■ **Task statement**
All the lines below need to be output exactly, apart from any images.

■ **Recorded information**
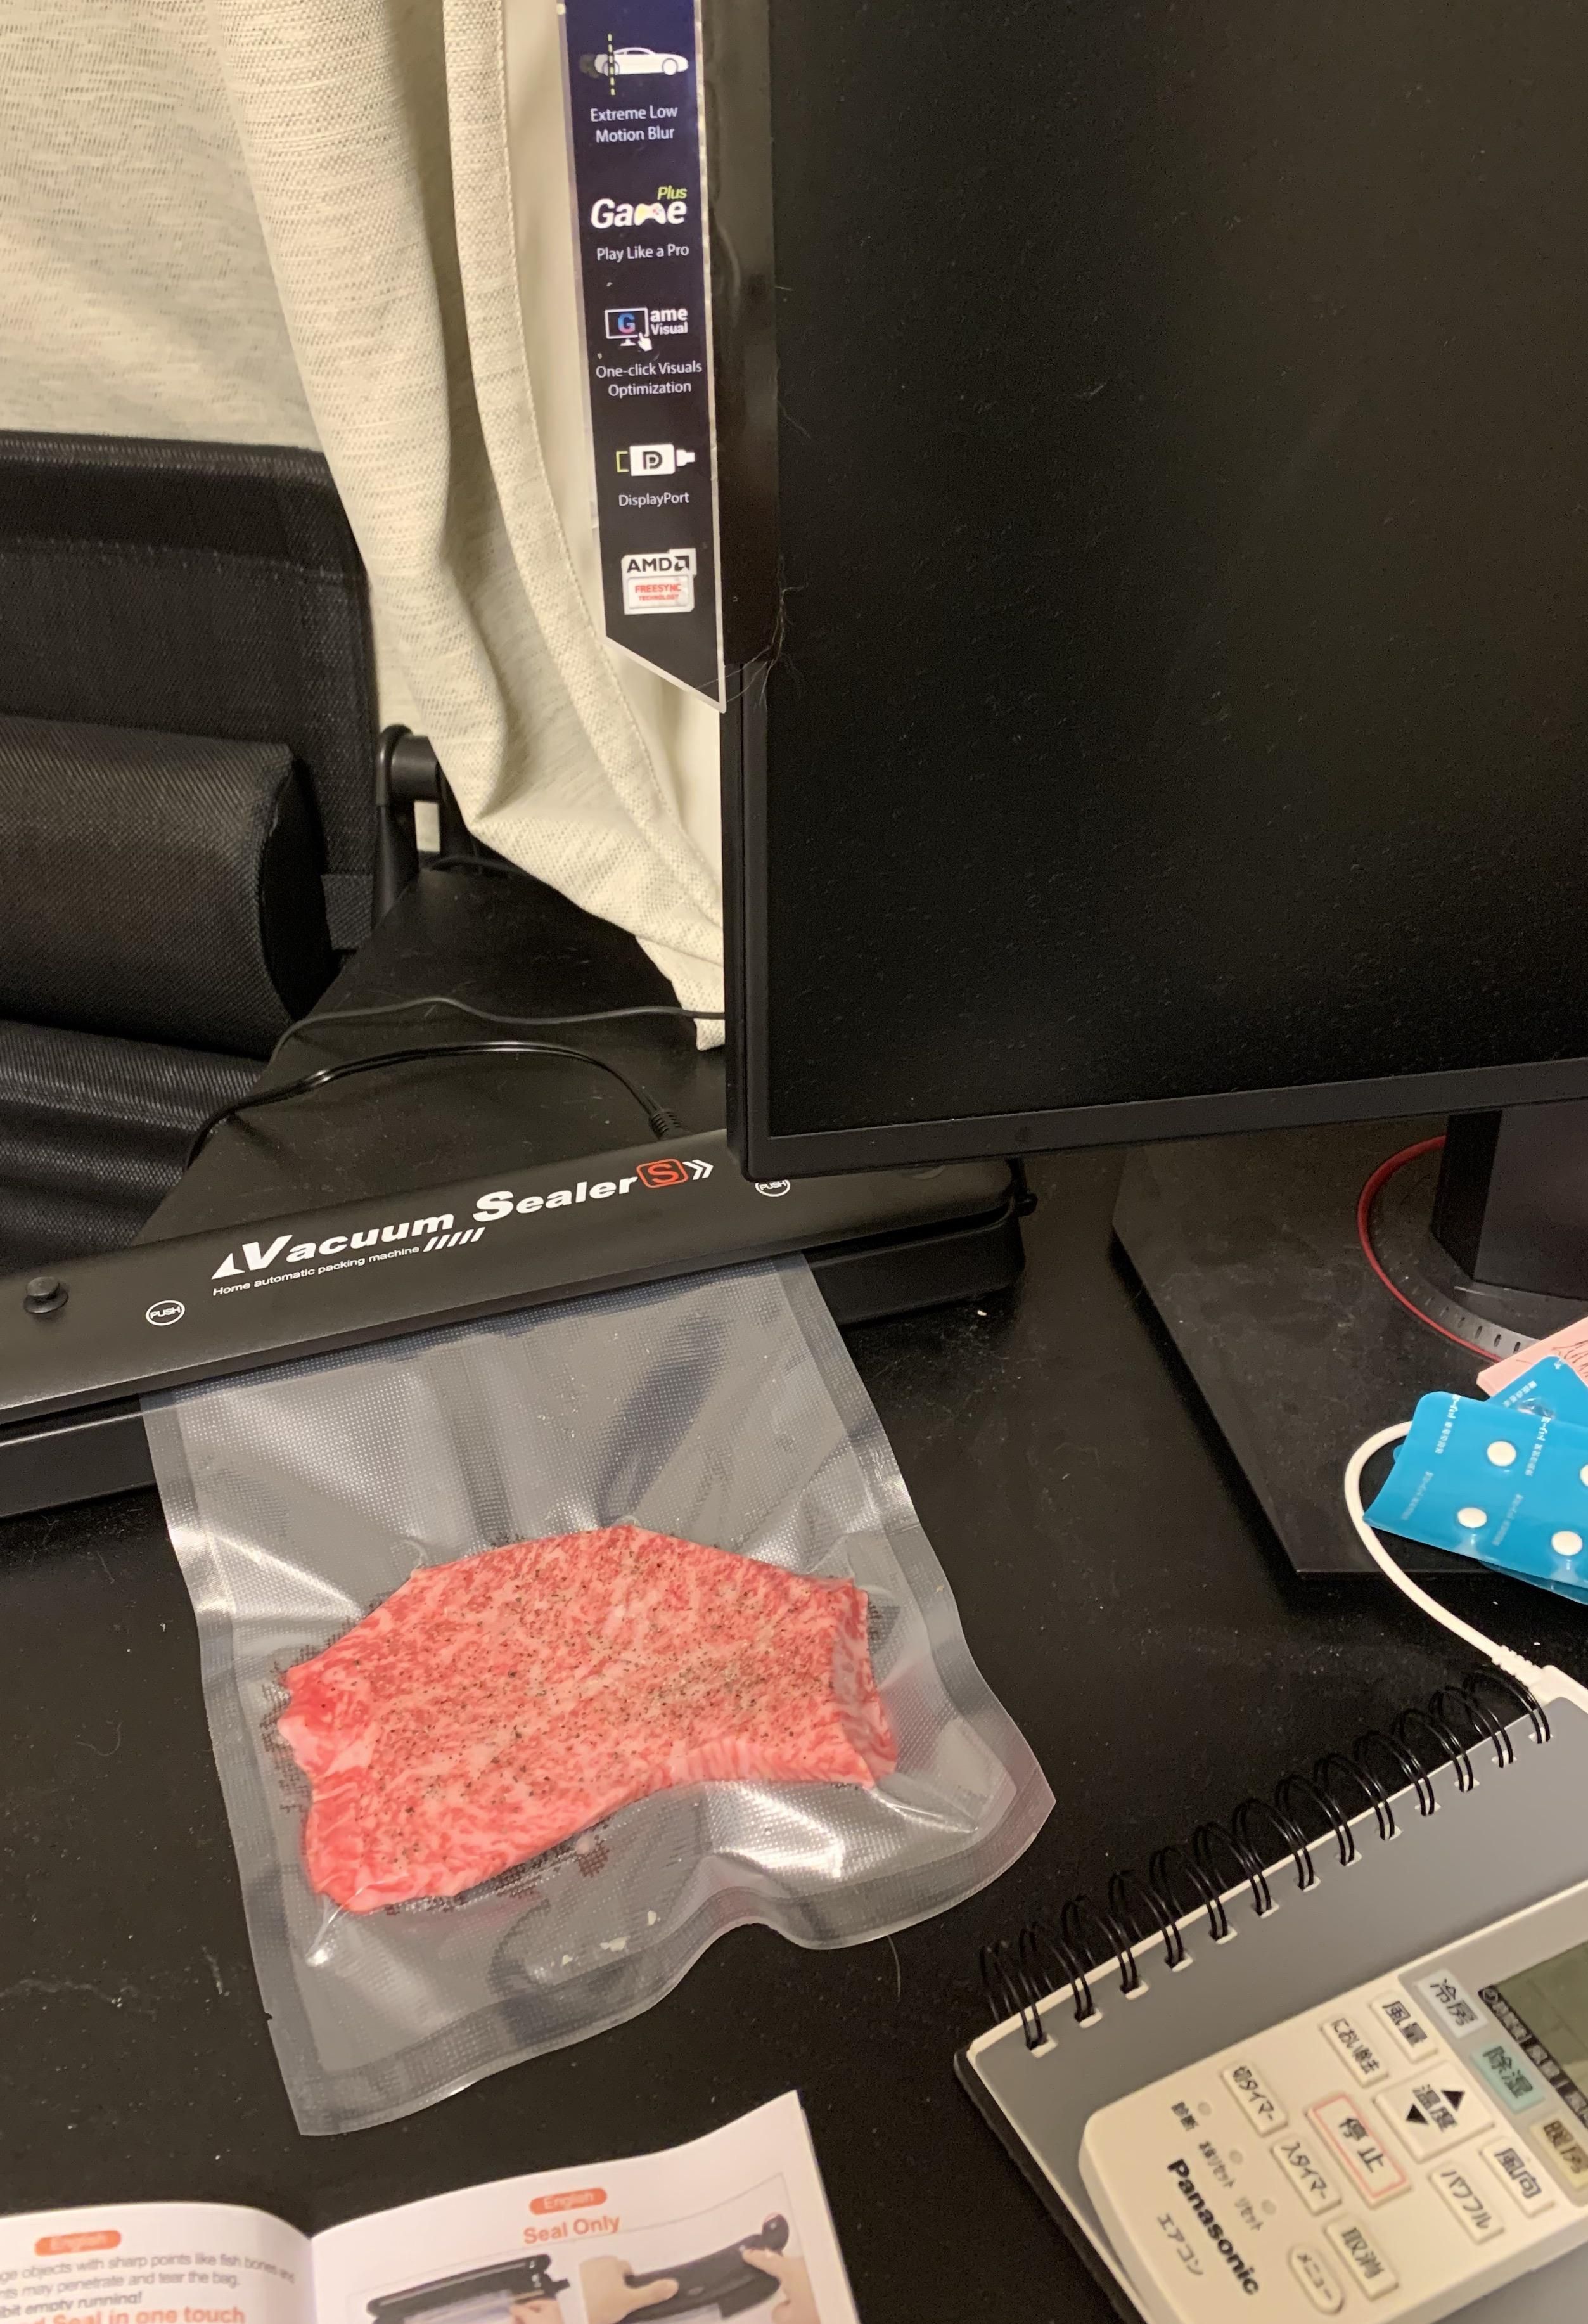 Wife banned any more kitchen gadgets but I got a vacuum sealer and disguised it as a computer accessory. She’s never noticed.
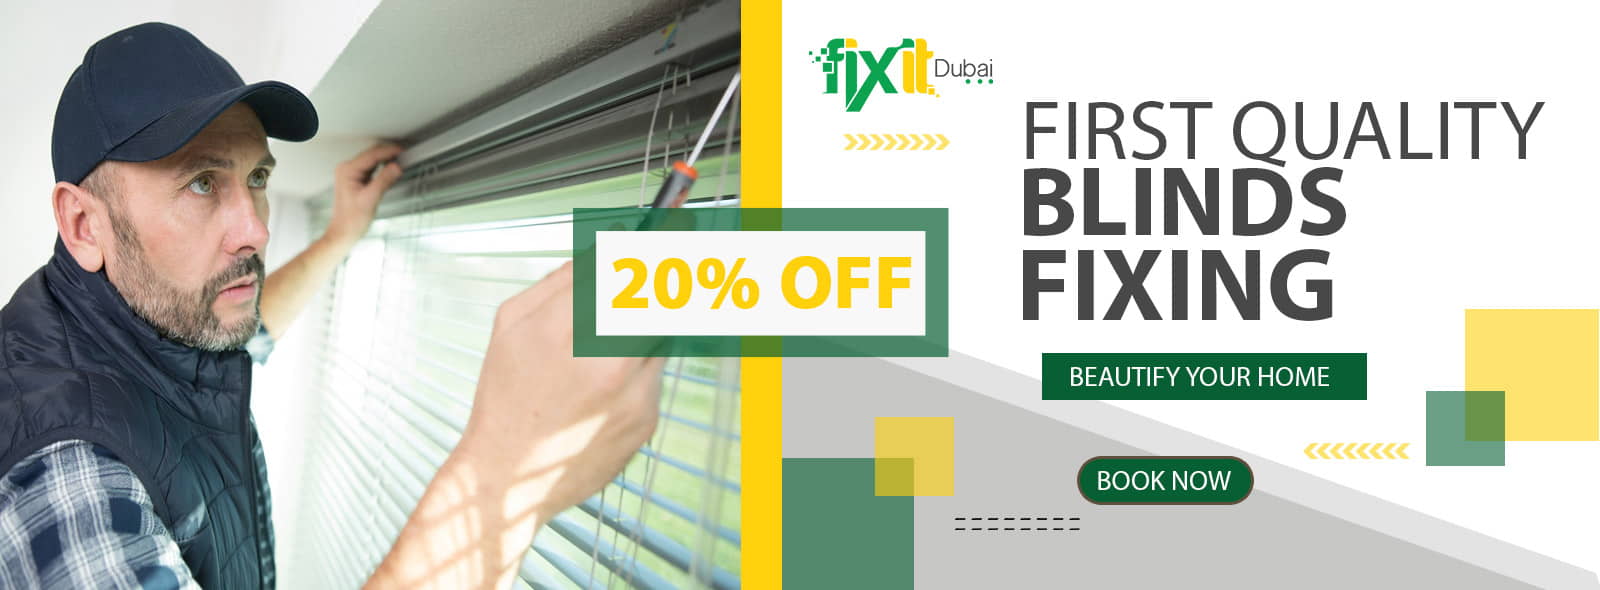 First-Quality-Blinds-Fixing-Dubai
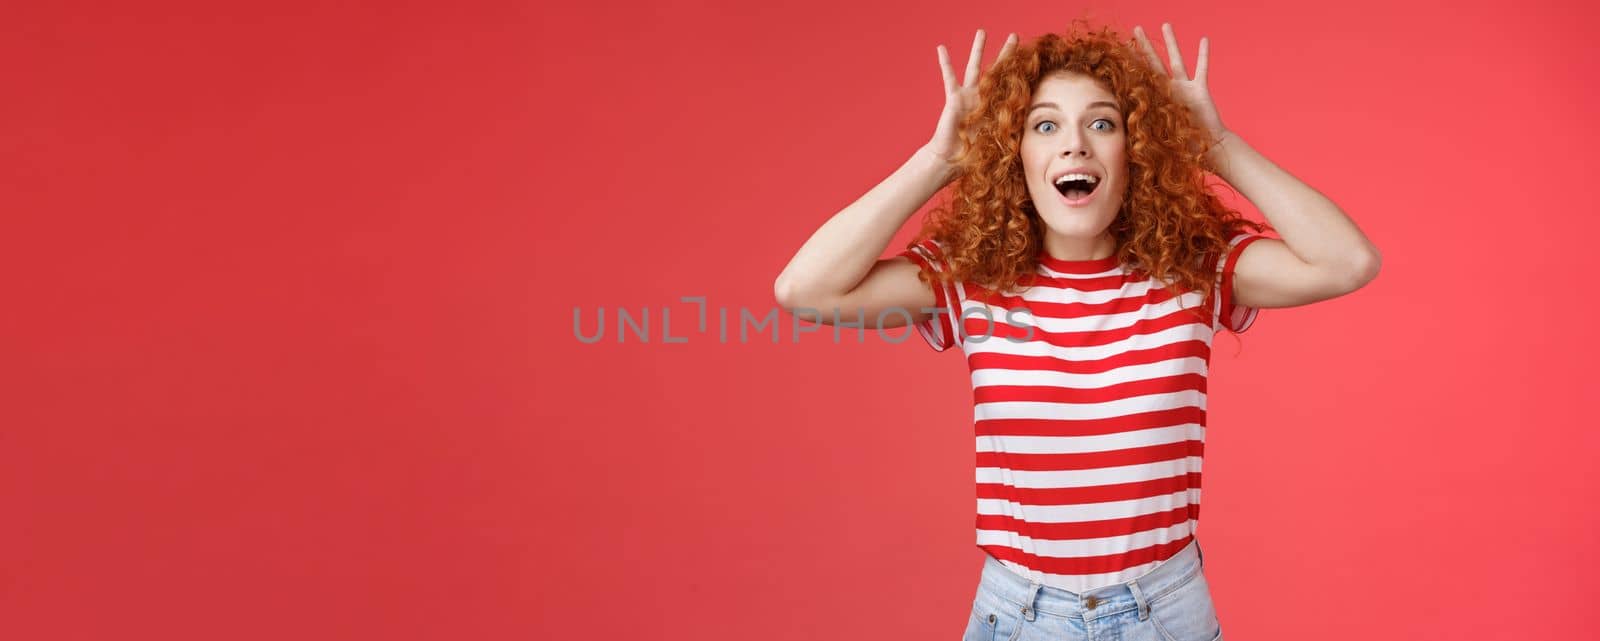 Lifestyle. Impressed excited shocked young cute redhead curly-haired ginger girlfriend reacting amazed surprised awesome gift cannot believe own eyes grab head thrilled open mouth ambushed red background.

■ **Answer to the exercise**
 Wife banned any more kitchen gadgets but I got a vacuum sealer and disguised it as a computer accessory. She’s never noticed.
 First-Quality-Blinds-Fixing-Dubai
 Lifestyle. Impressed excited shocked young cute redhead curly-haired ginger girlfriend reacting amazed surprised awesome gift cannot believe own eyes grab head thrilled open mouth ambushed red background.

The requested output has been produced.